If the left insular cortex contains a site of cardiac representation, might there be a difference in the occurrence of cardiac pathology with right- and left-sided lesions?

EFFECTS OF AGE AND STROKE LATERALIZATION

Although most strokes occur in the elderly, and baroreceptor sensitivity decreases while catecholamine sensitivity increases with advancing age, 13, 17, 39 most experimental strokes are carried out in young animals. We studied six groups of Wistar rats, three groups (young, adult, and senescent) undergoing middle cerebral artery occlusion (MCAO), and three corresponding sham-operated control groups. The senescent MCAO group had a 61% mortality rate, and the animals that died showed the greatest increase in sympathetic nerve activity and a significant increase in the QT interval, 5 which we have shown experimentally to be a prelude to fatal cardiac arrhythmias. 35, 36

The side of the experimental stroke also makes a difference. Right-sided MCAO in the rat results in significantly greater increases in plasma norepinephrine and QT interval prolongation than does left-sided MCAO. 19

CONCLUSION

Evidence accumulated over the past 50 years overwhelmingly indicates that acute stroke can damage even a normal heart. In the presence of coronary artery disease, these cerebrocardiac effects are likely to be synergistic. The frequency of ventricular arrhythmias has probably been under-represented in ischemic stroke patients. They are likely to contribute to the sudden, unexpected mortality seen following that condition, as well as to stroke extension due to arrhythmia-induced hypotension.

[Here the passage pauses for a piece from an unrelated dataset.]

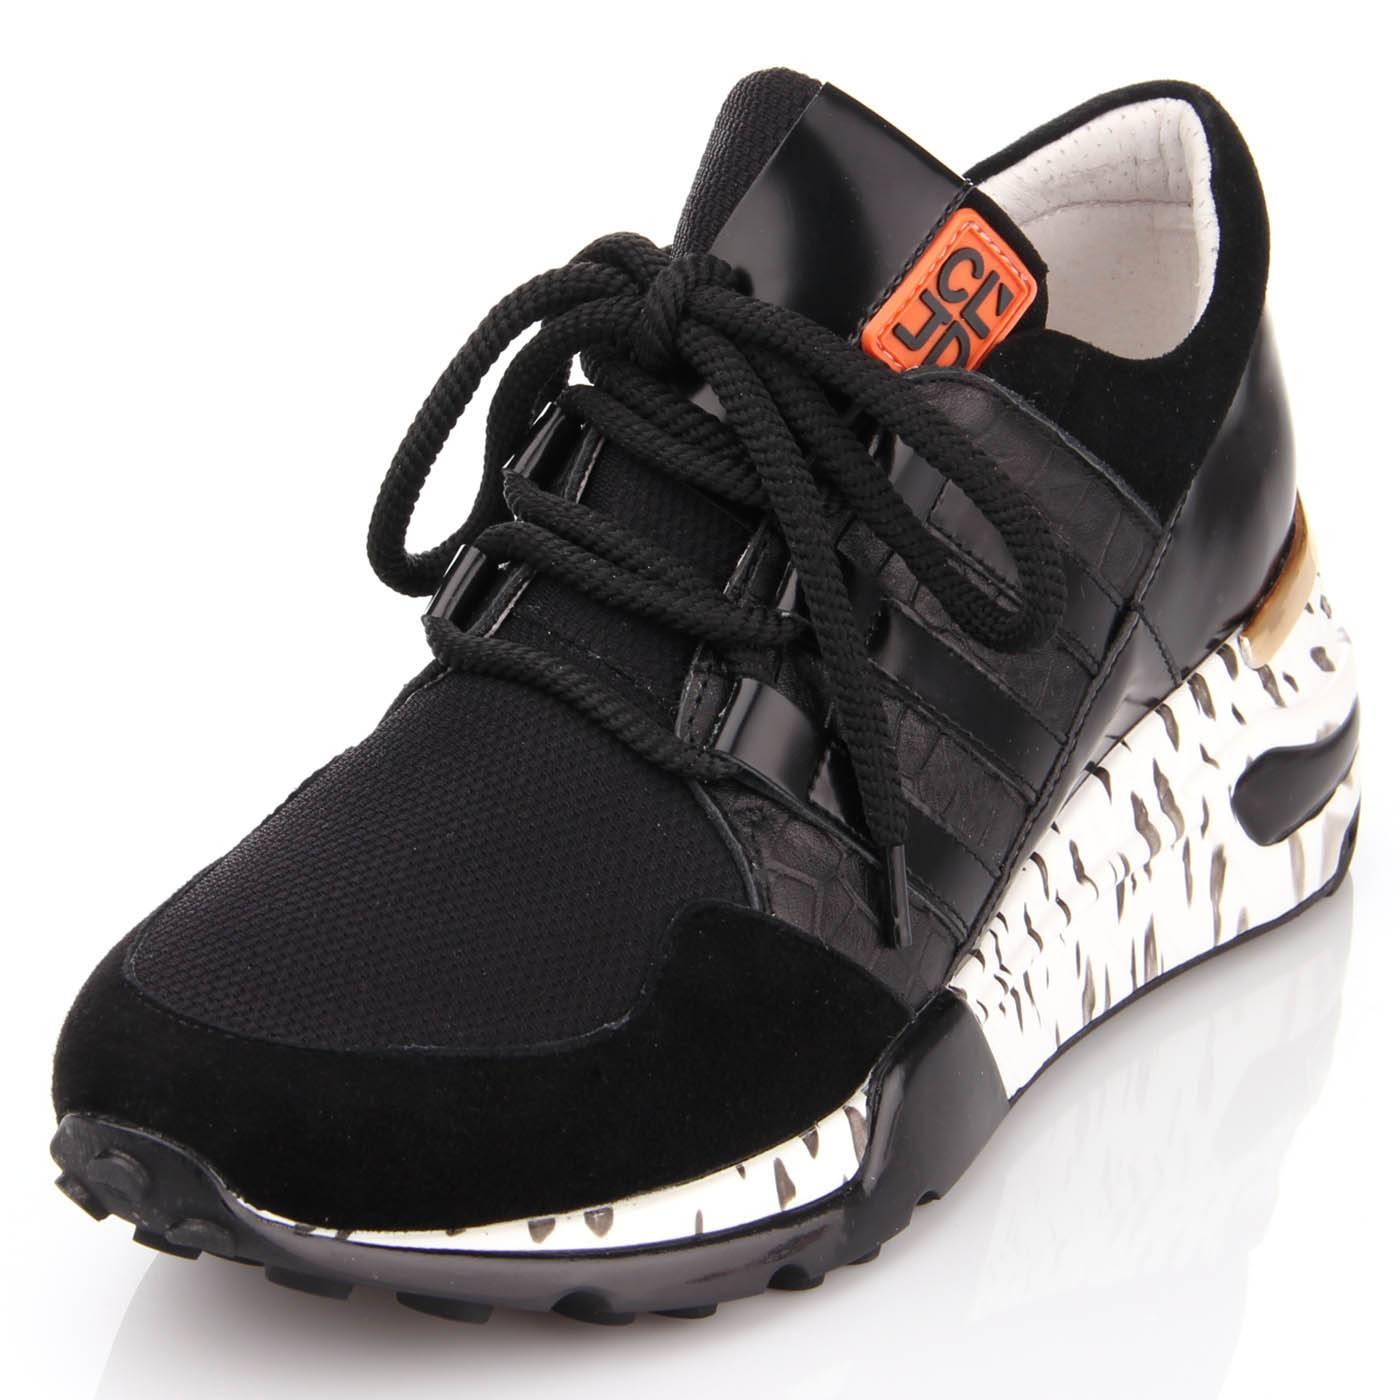 Кросівки жіночі ditto 6611 Чорний купить по выгодной цене в интернет ... 0c0cda394424e

The insular cortex is involved in the control of heart rate and rhythm. Its inclusion within an area of cerebral infarction in animal models of stroke reproduces some of the ECG and cardiac pathologic changes seen in this condition.

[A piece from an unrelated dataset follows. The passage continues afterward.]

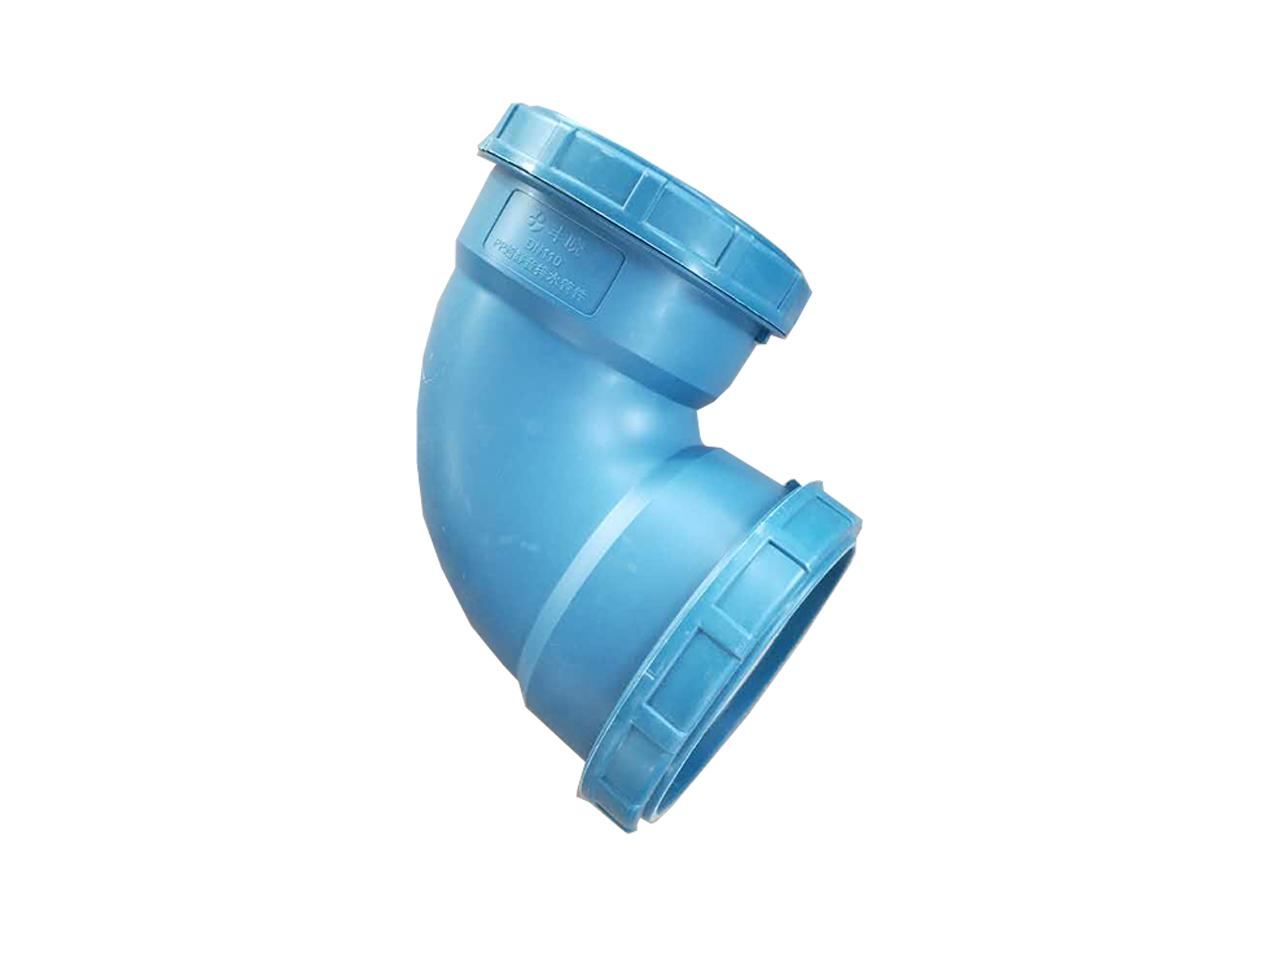 哪里能買到質量硬的聚丙烯靜音排水管,pp超靜音管批發

It is suggested that patients with acute stroke should receive continuous cardiac monitoring for 3 days following their event. Those with ECG evidence of ventricular repolarization changes should be monitored until these have resolved. Such patients, as well as those with insular involvement or those with co-existing ischemic heart disease, may be at particular risk for sudden death or stroke extension due to cardiac arrhythmia.